Prompt: Below are records with pictures. Reproduce exactly the lines from the line with "Mirrored Bathroom Medicine Cabinet" to the line with "Pologne / Allemagne", inclusive, and leave each picture out.

Dataset records:
BEGIN
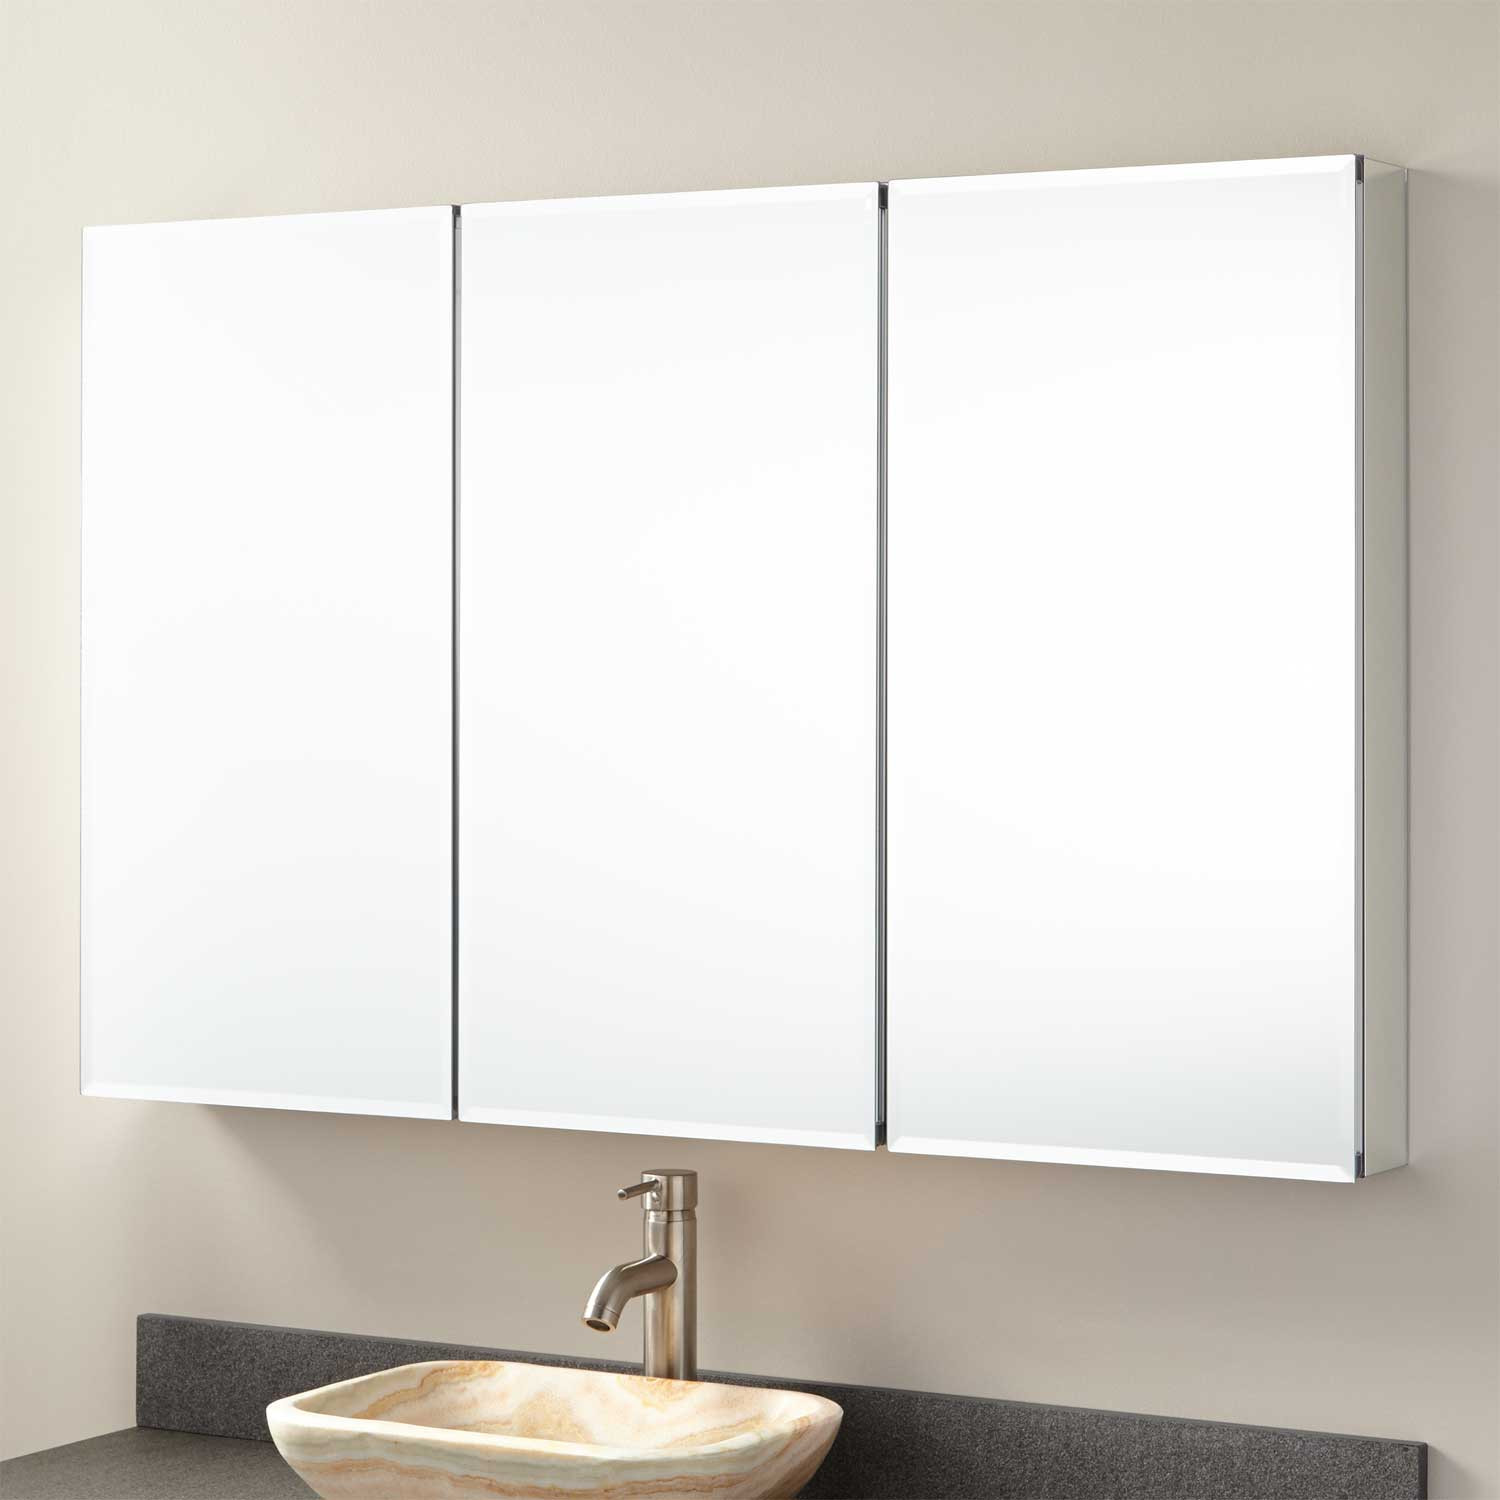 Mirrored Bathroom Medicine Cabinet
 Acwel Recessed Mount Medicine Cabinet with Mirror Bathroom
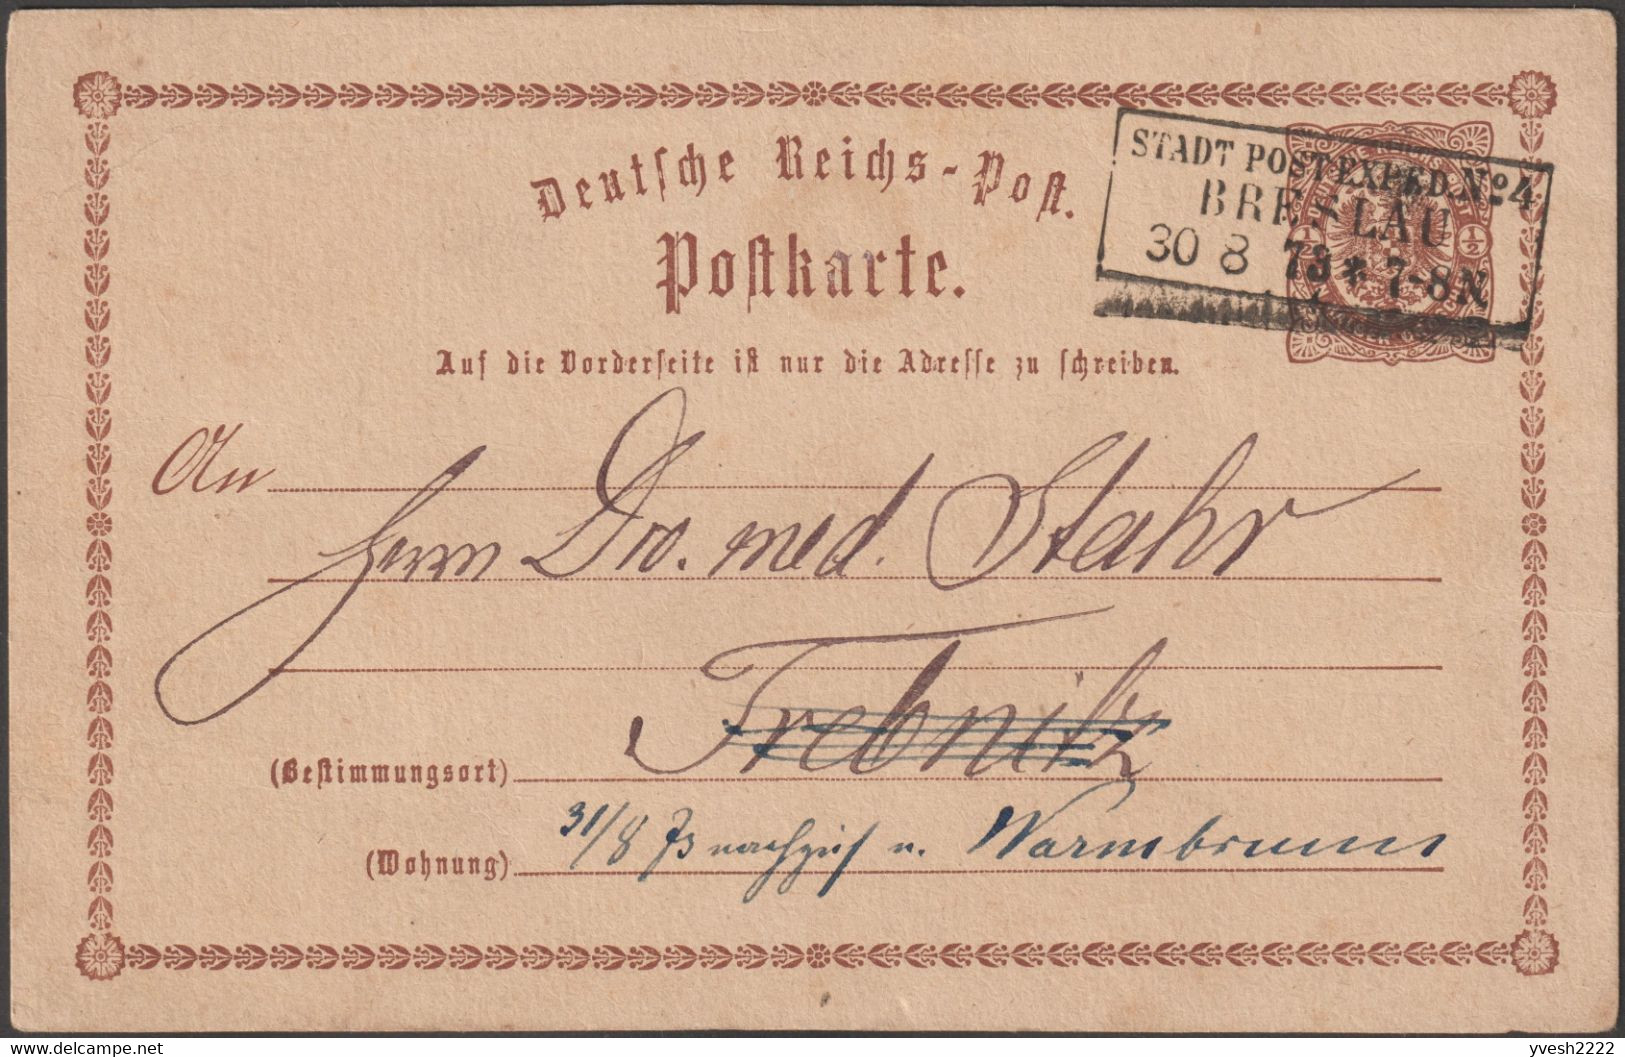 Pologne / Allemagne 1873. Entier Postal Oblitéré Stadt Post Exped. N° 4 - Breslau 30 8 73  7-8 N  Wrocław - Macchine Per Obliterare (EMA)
END
BEGIN
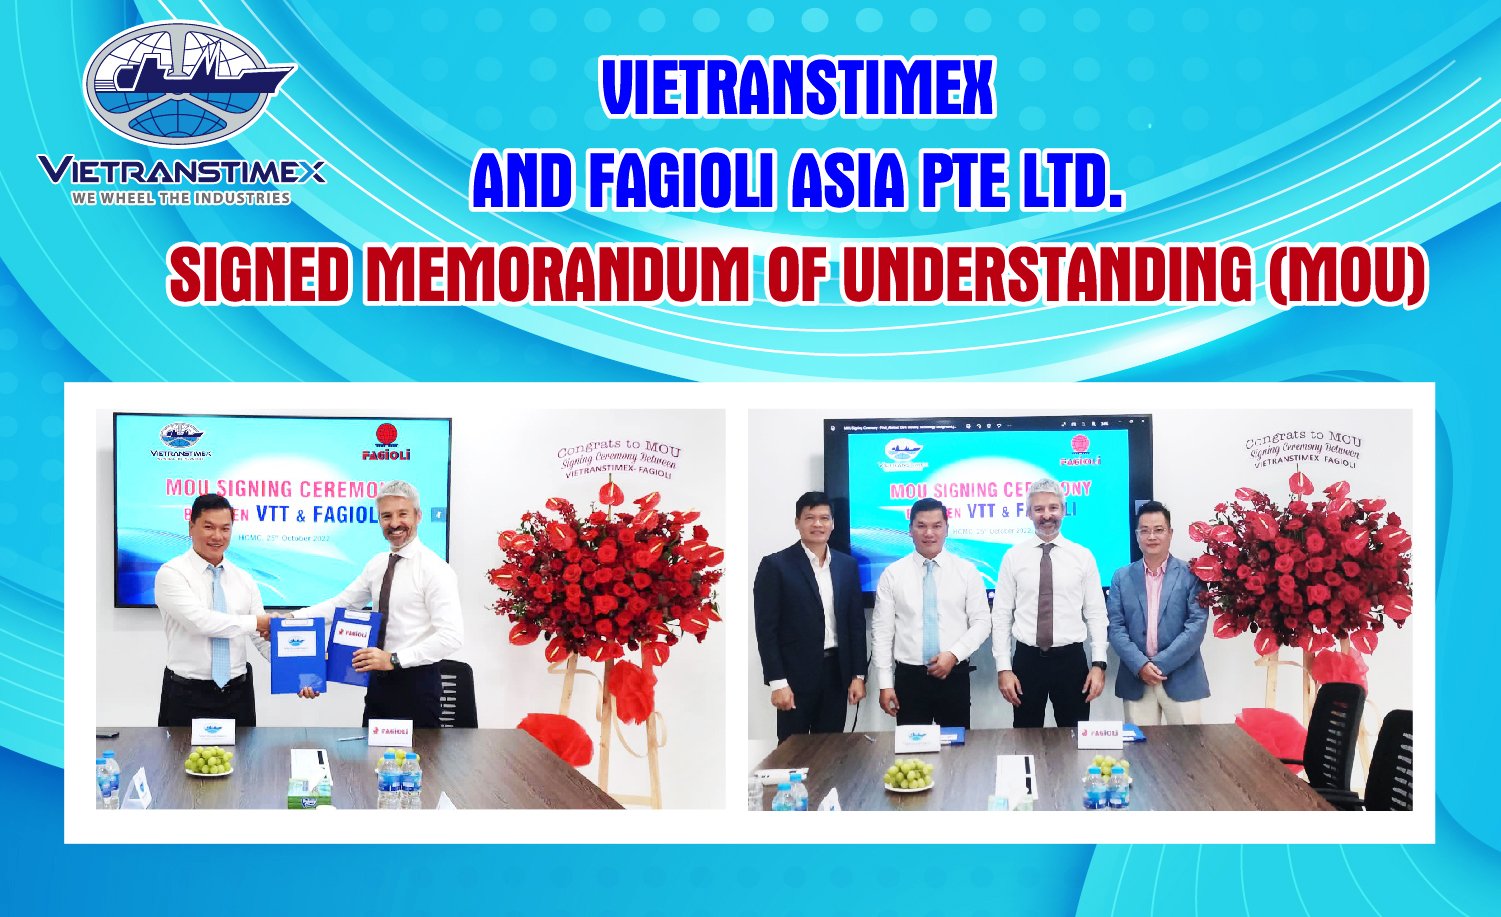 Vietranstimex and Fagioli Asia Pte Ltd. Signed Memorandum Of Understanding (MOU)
END
Output of the exercise:
 Mirrored Bathroom Medicine Cabinet
 Acwel Recessed Mount Medicine Cabinet with Mirror Bathroom
 Pologne / Allemagne 1873. Entier Postal Oblitéré Stadt Post Exped. N° 4 - Breslau 30 8 73  7-8 N  Wrocław - Macchine Per Obliterare (EMA)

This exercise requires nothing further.